We can all remember a recent headline of a major automaker recalling a specific car model due to safety or regulatory concerns. It seems to be happening more often, but car recalls are nothing new. In fact, they began in the early 1900s, approximately 100 years ago. While they are not new, the unprecedented flow of information has substantially increased their impact in today's society. Recalls impact a company's top and bottom line and lead to a loss in brand equity. News of auto giants like Volkswagen, General Motors, and Audi trying to control the damage they create has become commonplace.

Bar graph representing number of recalls in US from 2001 to 2020

Figure 1:  NHTSA data on recalls (in USA)

Figure 1 shows the number of recalls undertaken in the US market. The problem has only intensified, as automotive recalls have only increased over the years. This article highlights the underlying challenges of original equipment manufacturers (OEMs) in avoiding and handling these recalls. We will also look at how AI, ML, IoT-based interventions can solve these challenges and mitigate any recall-related damages.
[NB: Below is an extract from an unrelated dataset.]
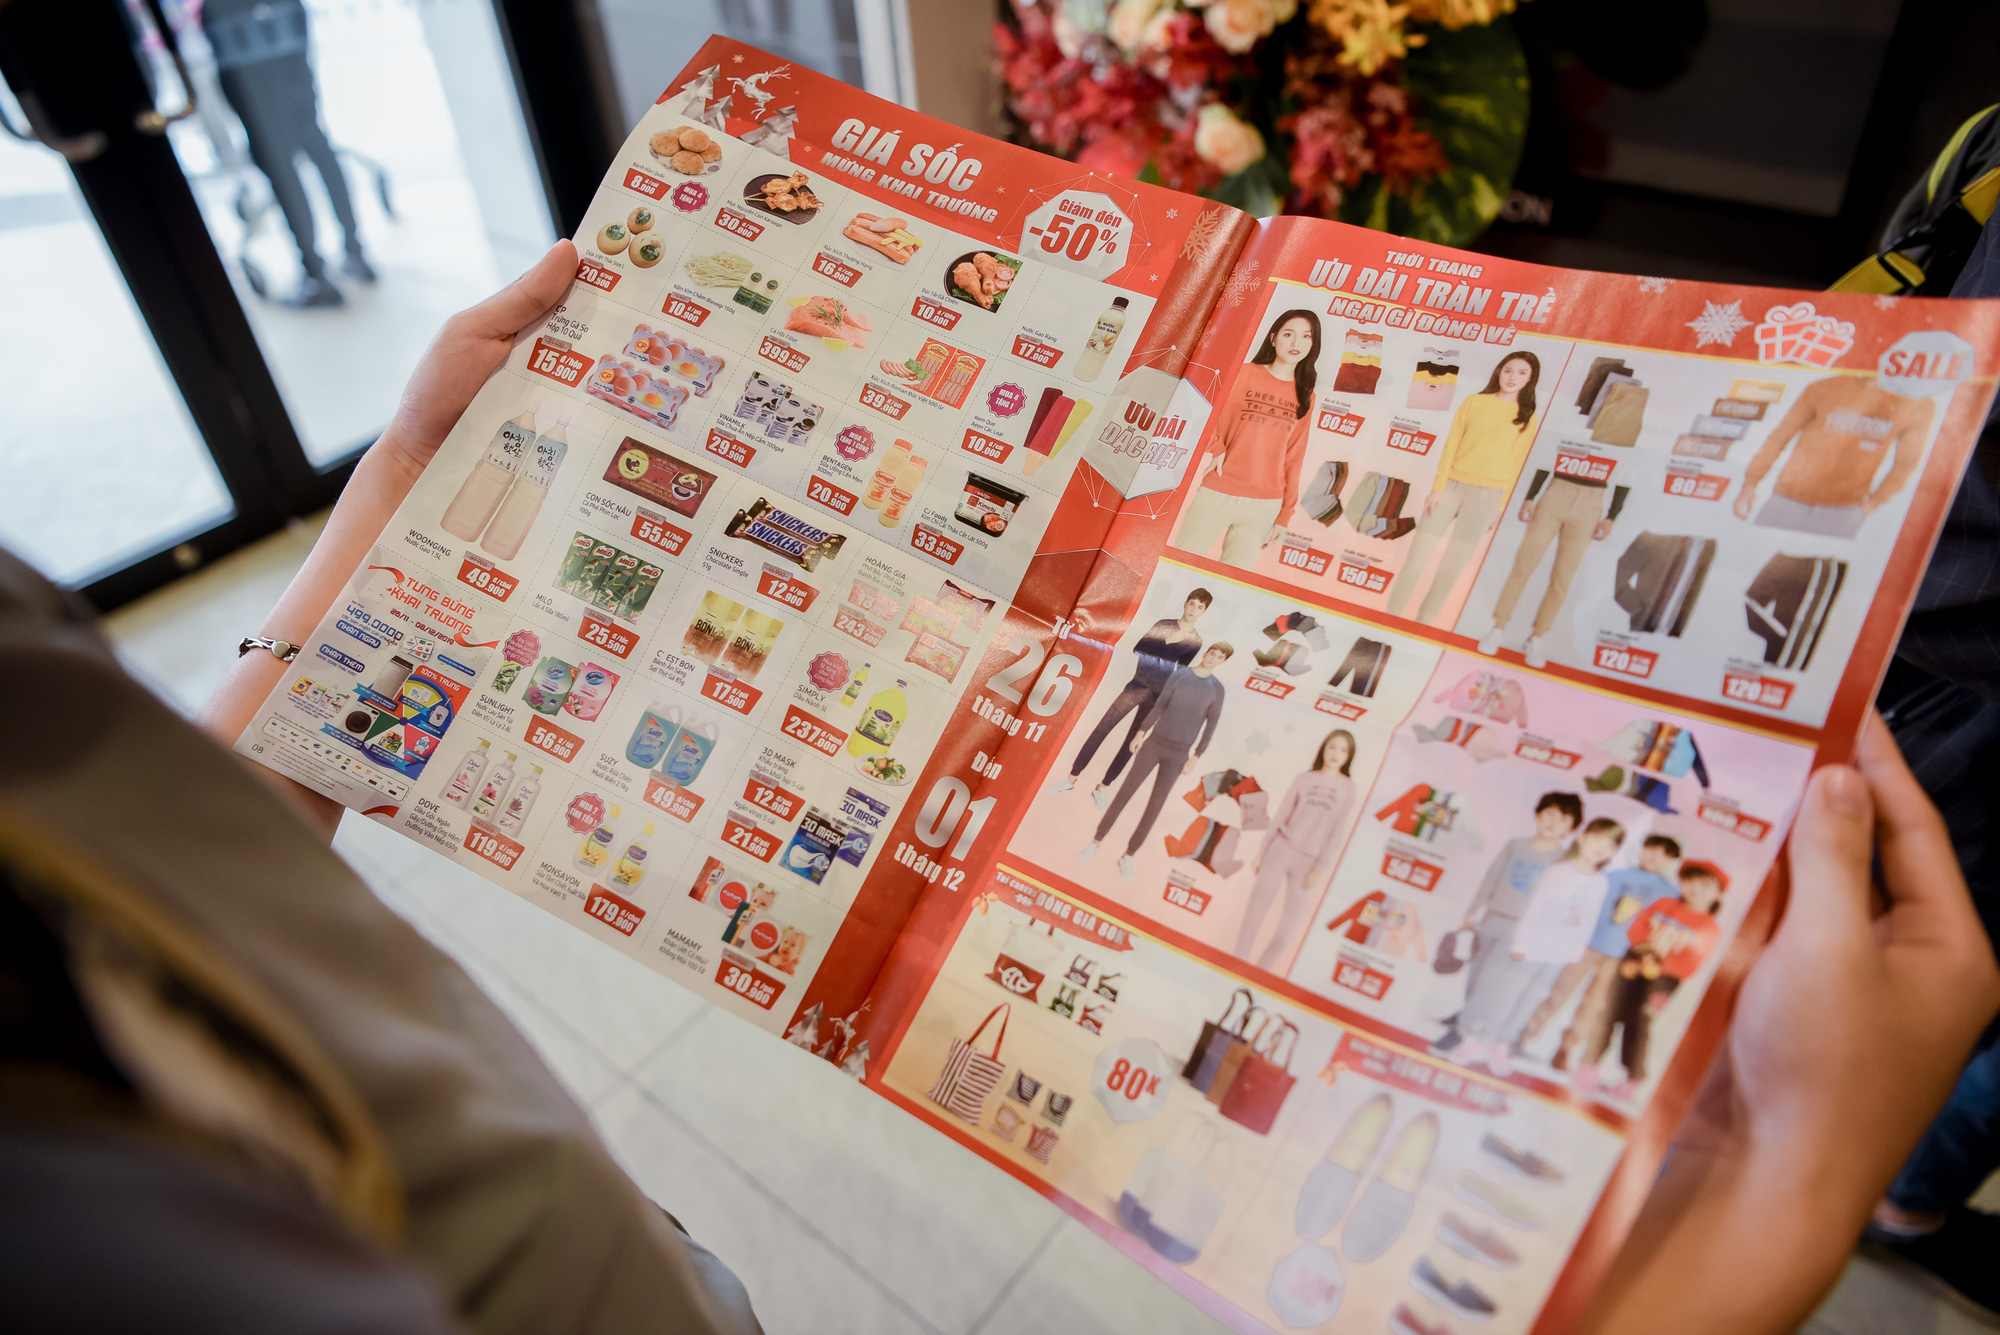 Đây là tất cả những khuyến mại hời nhân dịp khai trương tại Aeon Mall Hà Đông mà người tiêu dùng thông thái cần biết - Ảnh 6.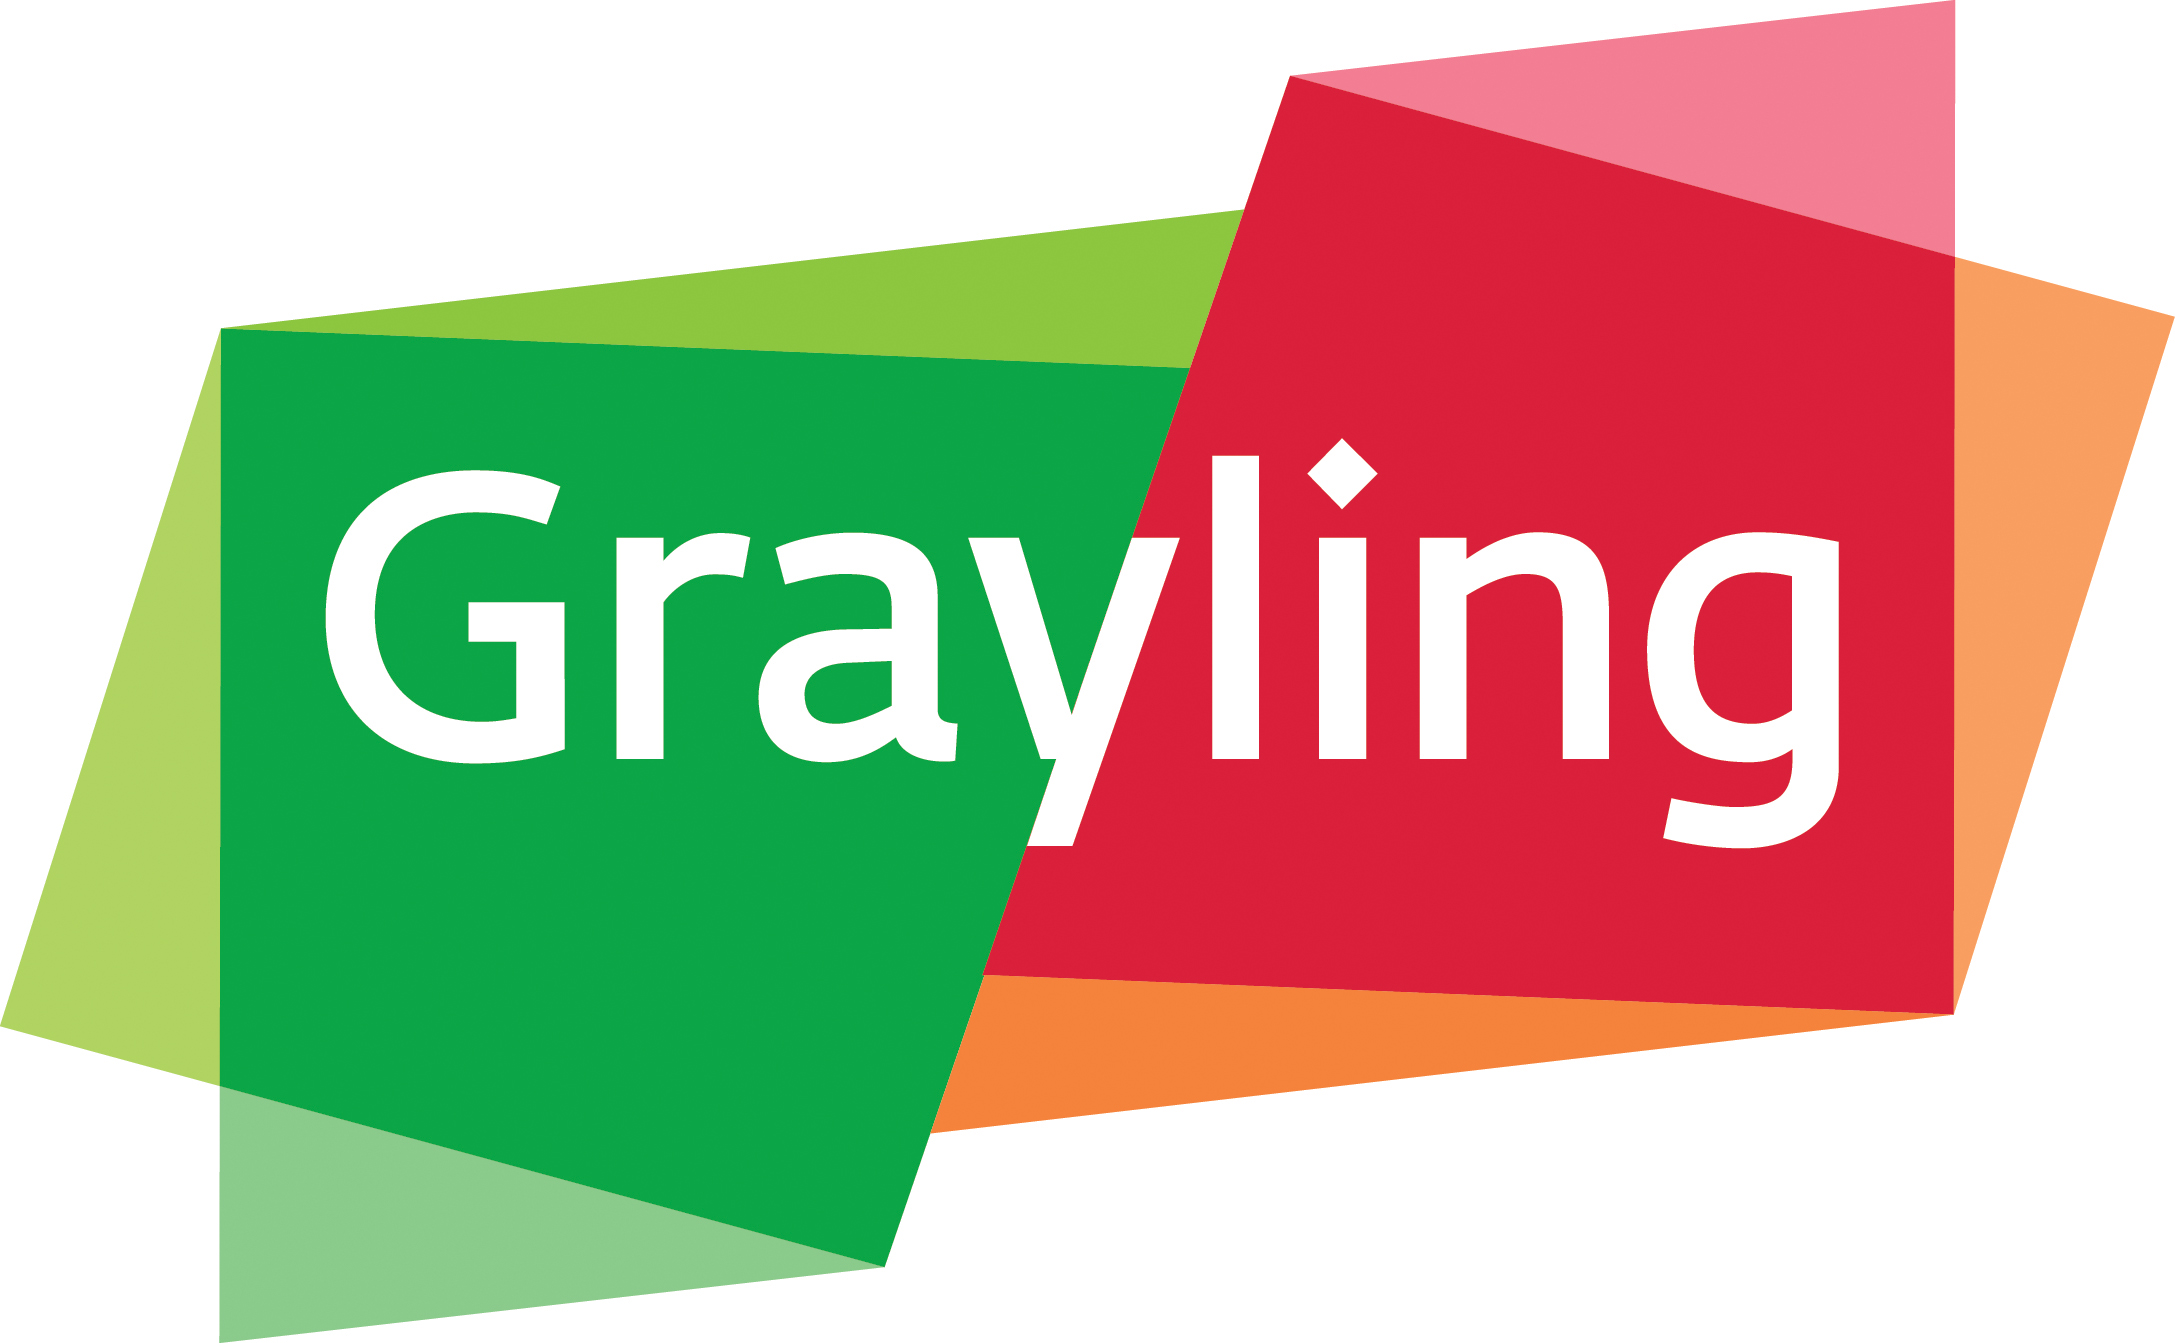  Best Public Relations Agency Logo: Grayling

How do recalls impact OEMs?

Recalls affect OEMs in multiple ways. Here are a few examples:

  • Additional cost burden: OEMs' cost burden to resolve a recall is humongous. For example, the Takata airbag recall affected 67 million airbags from more than 42 million vehicles, manufactured by more than 20 OEMs. It had huge cost implications on both Takata and the OEMs. In 2017, Takata had to file for bankruptcy while OEMs had to bear billions of dollars of cost for handling the recall.
  • Irreversible damage to customer loyalty and satisfaction: The 2016 Customer Satisfaction Index reveals that customer satisfaction with recall service stands at 781 on a 1,000-point scale (down from 789 in 2015). On the other hand, satisfaction among customers with non-recall servicing averages 809 in 2016.
  • Loss in brand value: Toyota's faulty gas pedal, which led to unintended acceleration and may have been involved in 89 deaths and 52 injuries, led to a stream of recalls in 2010. The recalls plunged Toyota's stock prices by more than 20%, equivalent to $35 billion.
  • Lawsuit & fines: Recalls invariably bring about legal actions by customers and regulators to penalize the OEMs. In 2014, Toyota was fined $1.2 Billion for misleading U.S. consumers. They were found to have concealed information and made deceptive statements about two safety-related issues in their vehicles, each of which caused a type of unintended acceleration.

The underlying challenges

Recalls can broadly be classified into three categories:

a) voluntary recalls by OEMs
b) post-purchase customer complaints
c) mandated by regulatory agencies

Each type of recall has a different financial impact and brand image dilution for OEMs.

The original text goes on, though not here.